The molding methods conditions the slice compactness and, of course, the aesthetic result. The molding has to be careful for high quality products, that is to say with less “adhesive” addition. The molding has to be more careful if you want to have the fat in the central part; in fact fat opposes to muscular bands gluing, for this reason it’s important to keep them in contact both during cooking and at its end.
Cooking influences the final product organoleptic qualities. It’s better to use a low delta T between fluid and product (about 10°C), it doesn’t matter which cooking method you use (steam or water). In this way the product heating is more homogeneous in the section and you avoid an excessive inhomogeneity of the different muscles contraction. It’s moreover proved that working with a low delta T helps the color enhancement and uniformity. Another variable, that as delta T influences the weight loss and the cooking times, is the cooking maximum temperature which value depends also on the requested pasteurizing effect and on the contaminants you want to destroy.
Another important aspect is the thermic treatment homogeneity, this condition is easier to achieve with water cooking or using piles that facilitate steam flow, but also cooling air flow, in the 3 directions.
Looking at the most known theories, re-pressing is important when the cooking weight loss is at least 4%. There is a reduction of the muscles volume when there is a weight loss and, when there isn’t an elastic element that keep them, a reduction of the contact pressure between the muscles themselves.
When the product is particularly lean and with the right additives, it’s important that the in contact muscular bands do not disconnect to have enough cohesion for slicing with acceptable thickness and productivity. When the product is a high quality one, with fat parts, it’s important to restore the contact pressure between muscles, pressing the molds again. It’s moreover necessary to make a distinction between in bag product and thermoformed product with exudate collecting pockets.
The bag, that protrudes on the molds sides, reduces at the minimum the exudate way and the “blockages” risk, so, normally, it’s not strictly necessary to re-press the molds if the weight loss is small.
The thermoformed product, with pockets on the heads, needs a longer way to collect the exudate and it has more obstruction risks in the pockets connecting channels; this makes re-pressing necessary because the liquid will stagnate at least over the product.

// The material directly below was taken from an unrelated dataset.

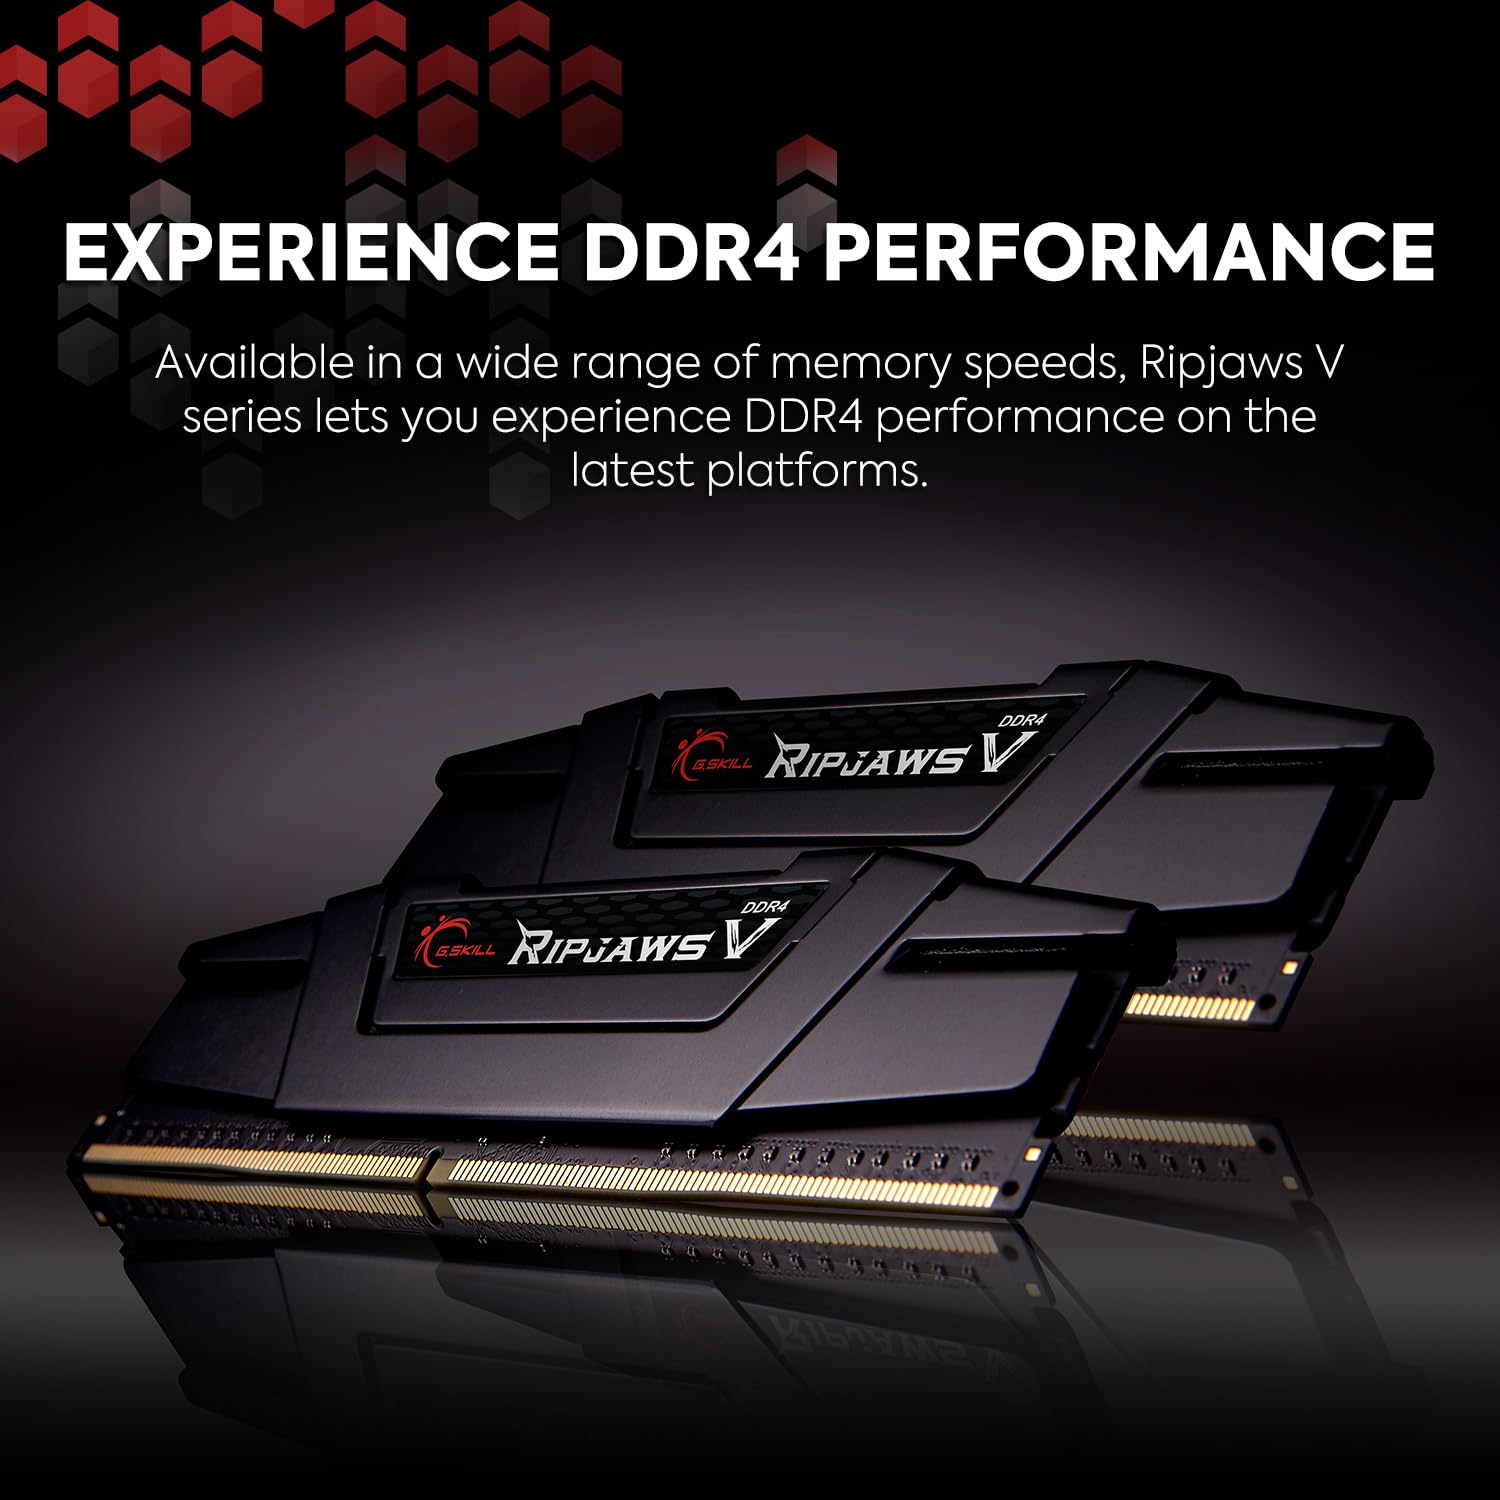 G.SKILL Ripjaws V Series (Intel XMP) DDR4 RAM 32GB (1x32GB) 3200MT/s CL16-18-18-38 1.35V Desktop Computer Memory UDIMM - Black (F4-3200C16S-32GVK)
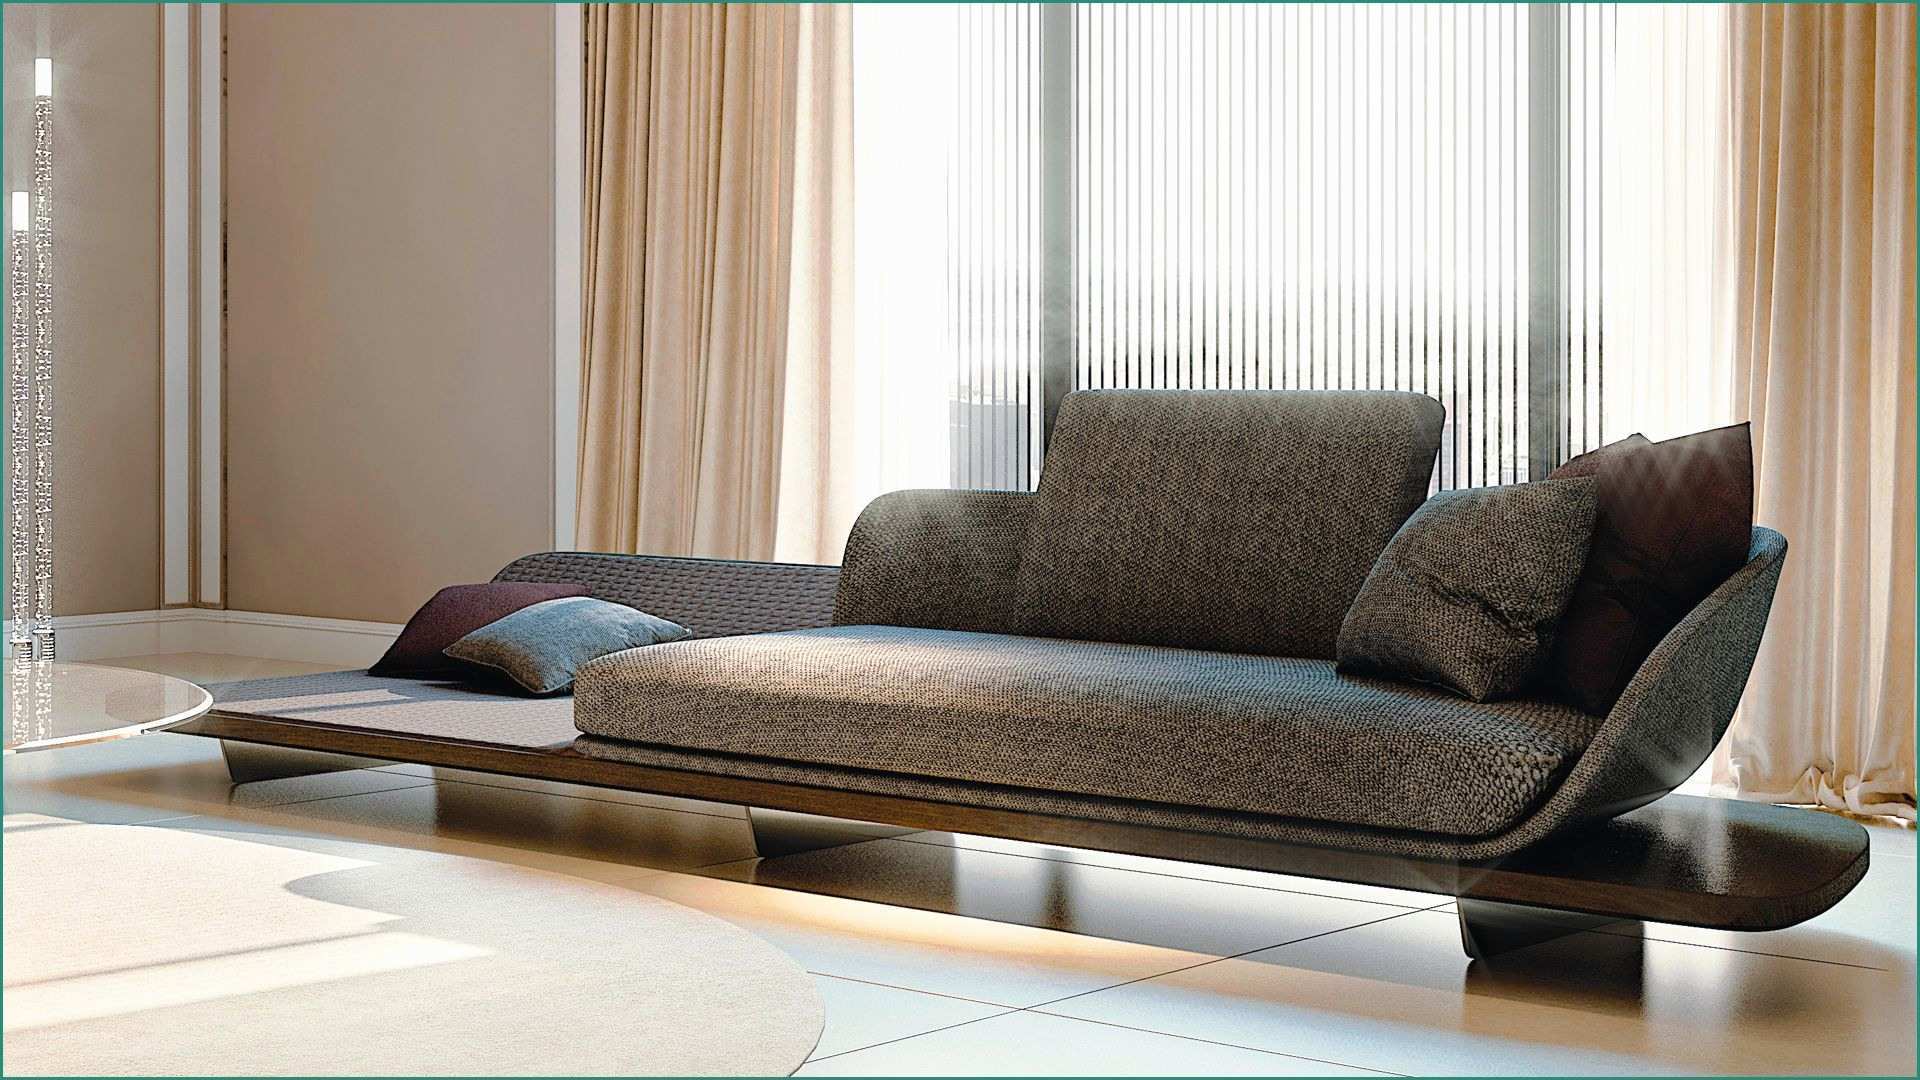 Chaise Longue Divano E Segno Chaise Loungeãçåçæå°çµæ Modern Furniture

In all the cases a small weight loss and the absence of elastic compensation will cause an irregular distribution over the bar of the exudate, with local sections variations and a worse aesthetic result.
In any case the slicing yields are better when the product is more compact.
Another important aspect, above all with big section products, is to make a fast cooling. A fast cooling influences yields and shelf-life (that increases)quality in slicing. When water cooking is used, the cooling is made first with well water, when the delta T is high, then with ice water (1-2°C), properly recirculated, in a way to compensate for the final phase low delta T (about 5°C) with a better exchange coefficient. It will be easy to have a homogeneous cooling of the treated pile. When steam cooking is used, the cooling is made first with shower and then in a ventilated cold room or in a shock freezer. In both the cases, but mainly in the first one, it’s important to use piles that facilitate the air flow in all the 3 directions. Water is sprayed in air at -15°C -20°C in the shock freezers, using strong ventilation, in a way to have ice on all the molds surfaces. In this way the latent heat, due to the phase changing, is employed. It’s important to point out that it should be possible a too high local cooling, with very low temperature, but only till the moment the ice is not on the mold ( it has a sort of buffer effect) and anyway it will cause only a surface damage that won’t influence the slicing performances.